Puji syukur kita panjatkan kehadiran Tuhan yang maha Esa, atas karunia-Nya kita dalam berkumpul dalam forum diskusi pada pagi menjelang siang hari ini
Izinkan disini saya sebagai moderator dari kelompok 7 yang beranggotakan :
- Endharo Raviqo Aji 2013053139
- Mira Desrina 2013053059
- Rahmah Nur'Aini 2013053127
Disini kami akan membawakan materi yang berjudul "Manajemen Peserta Didik"
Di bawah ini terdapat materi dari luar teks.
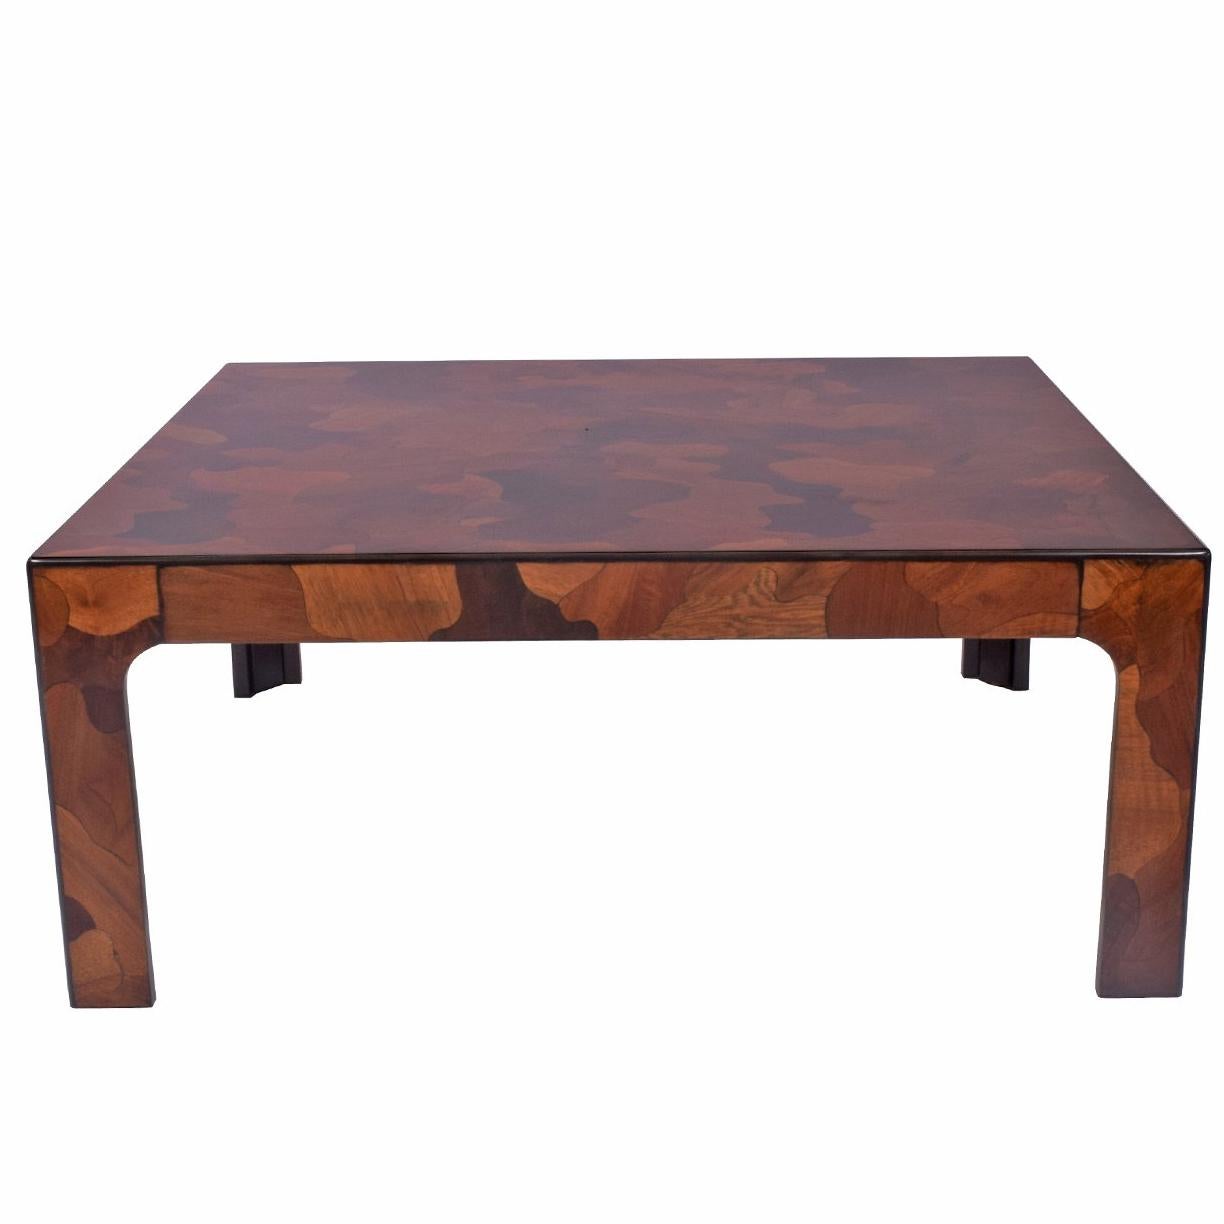 1970s American Burl Patchwork Coffee Table

Kepada Mira Desrina atau Rahmah Nur'Aini dipersilahkan mengupload materinya
Bismillahirrahmanirrahim
Assalamualaikum izin mengirimkan makalah dan ppt kelompok 7
Disini saya sebagai moderator membuka kesempatan bagi audience yang ingin bertanya
Saya buka termin 1 untuk 3 penanya
2013053123
Izin bertanya
Nama : Fadilatun Nisa Aulia
NPM : 2063053002
2013053179
Izin bertanya
2013053152
Izin bertanya
2013053156
Izin bertanya,
Izin bertanya
2013053177
Izin bertanya
2013053131
Izin bertanya
2013053141
Izin bertanya
2013053060
Izin bertanya
Perhanda Hapit
2013053179
Izin bertanya
Diantara pendekatan kuantitatif dan kualitatif tersebut, Menurut kelompok kalian Pendekatan Manajemen Peserta Didik yang manakah yang paling cocok atau lebih mudah dipahami peserta didik?
Mengapa demikian?
Npm:2013053059
Izin menjawab pertanyaan perhanda
Sebenarnya semua pendekatan baik kualitatif dan kuantitatif cocok di terapkan kepada peserta didik hal tersebut tergantung kepada kondisi keadaan dan situasi peserta didik.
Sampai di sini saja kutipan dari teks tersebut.